Since the 1978 decision to allow males of all races to hold the priesthood, FLDS members believed that this was the church’s downfall, even going as far as to think that the color of someone’s skin makes them inferior.

6) In FLDS schools, Warren Jeffs is President of the United States

Jeffs urged FLDS families to take their children out of school Anne home school and instead teach them from the FLDS leaders, including Jeffs, who was once a school teacher. He believed that public school was an evil influence. Besides, former church members said that Jeffs’ face was on every FLDS child’s school notebook. They also stated that Warren Jeffs is considered the United States president and that a man never landed on the moon because God guided Neil Armstrong away from that.

7) Mainstream Mormonism is not to be confused with the Fundamentalist Church of Jesus Christ of Latter-Day Saints

In 1890, leaders of mainstream Mormonism that we know today decided against the practice of polygamy when creating a deal with the federal government to gain statehood for Utah.

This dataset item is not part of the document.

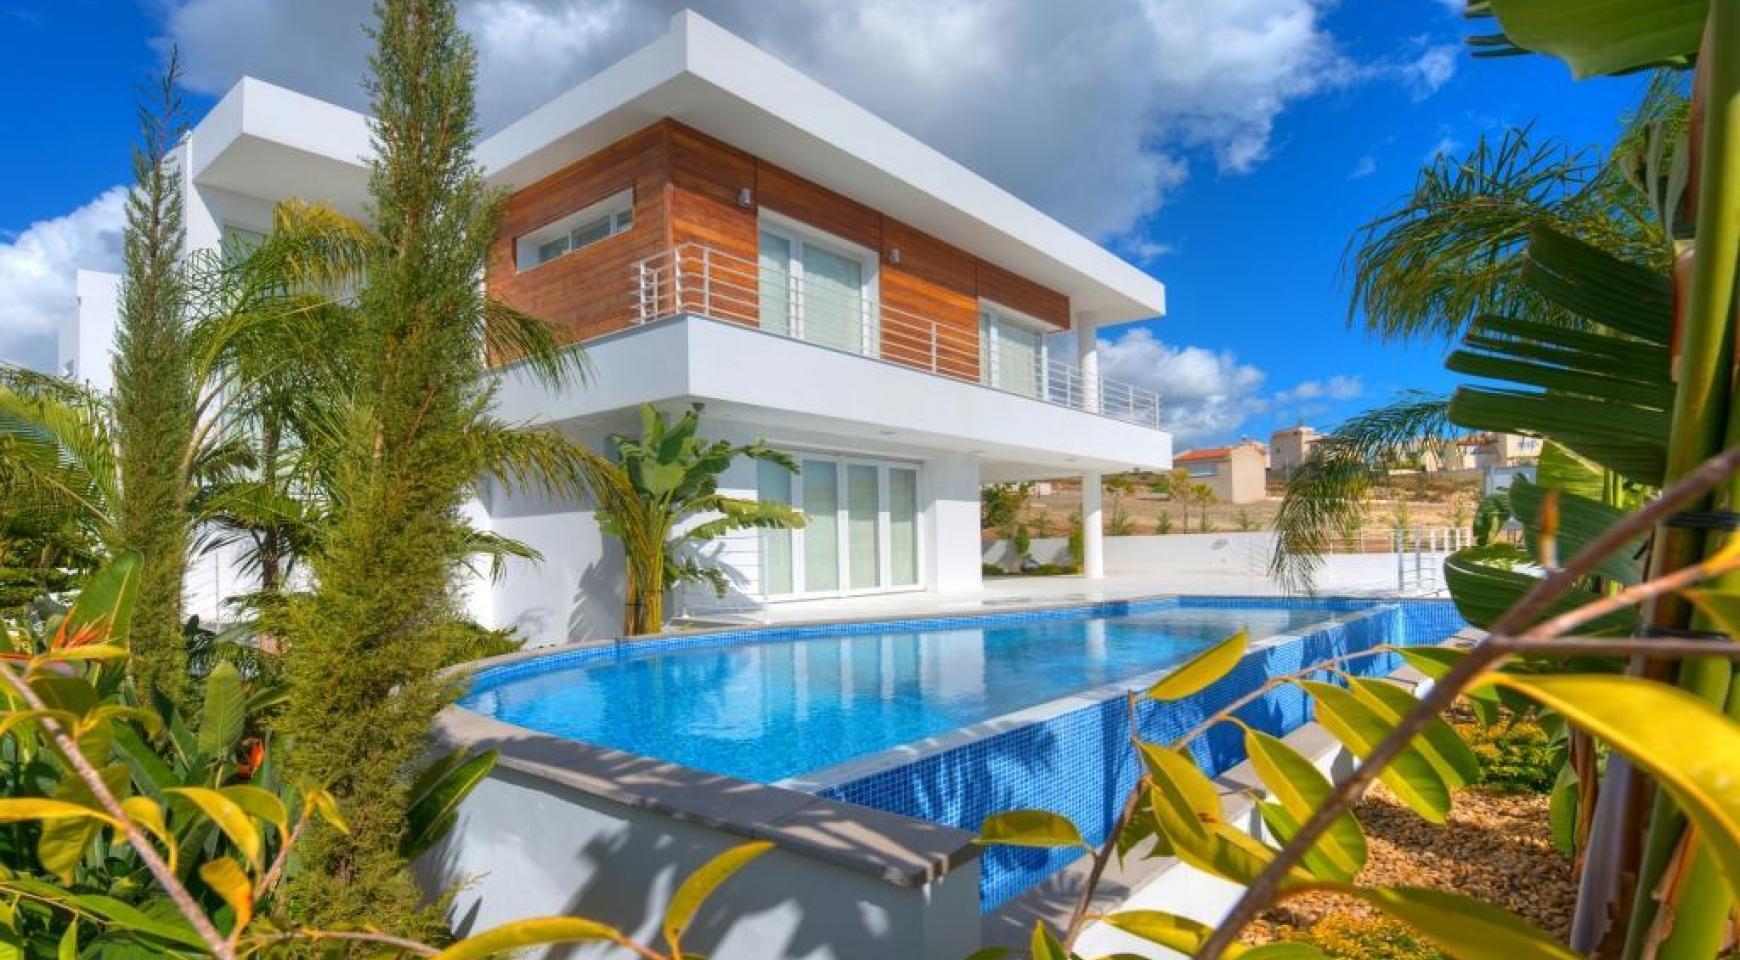 4-Спальная Вилла с Видом на Море в Районе Agios Tychonas - 1

Despite this, a group that didn’t want to adhere to the deal and ended up becoming the Fundamentalist Church of Latter-day Saints (FLDS).

In 2007, Jeffs was convicted on charges of being an accomplice to rape, and many of the cult’s members decided to live in the FLDS compounds in Colorado and Texas.

To this day, members are settled around Hildale and Colorado City on the Utah-Arizona border, with little intrusion due to the distance from neighboring populations.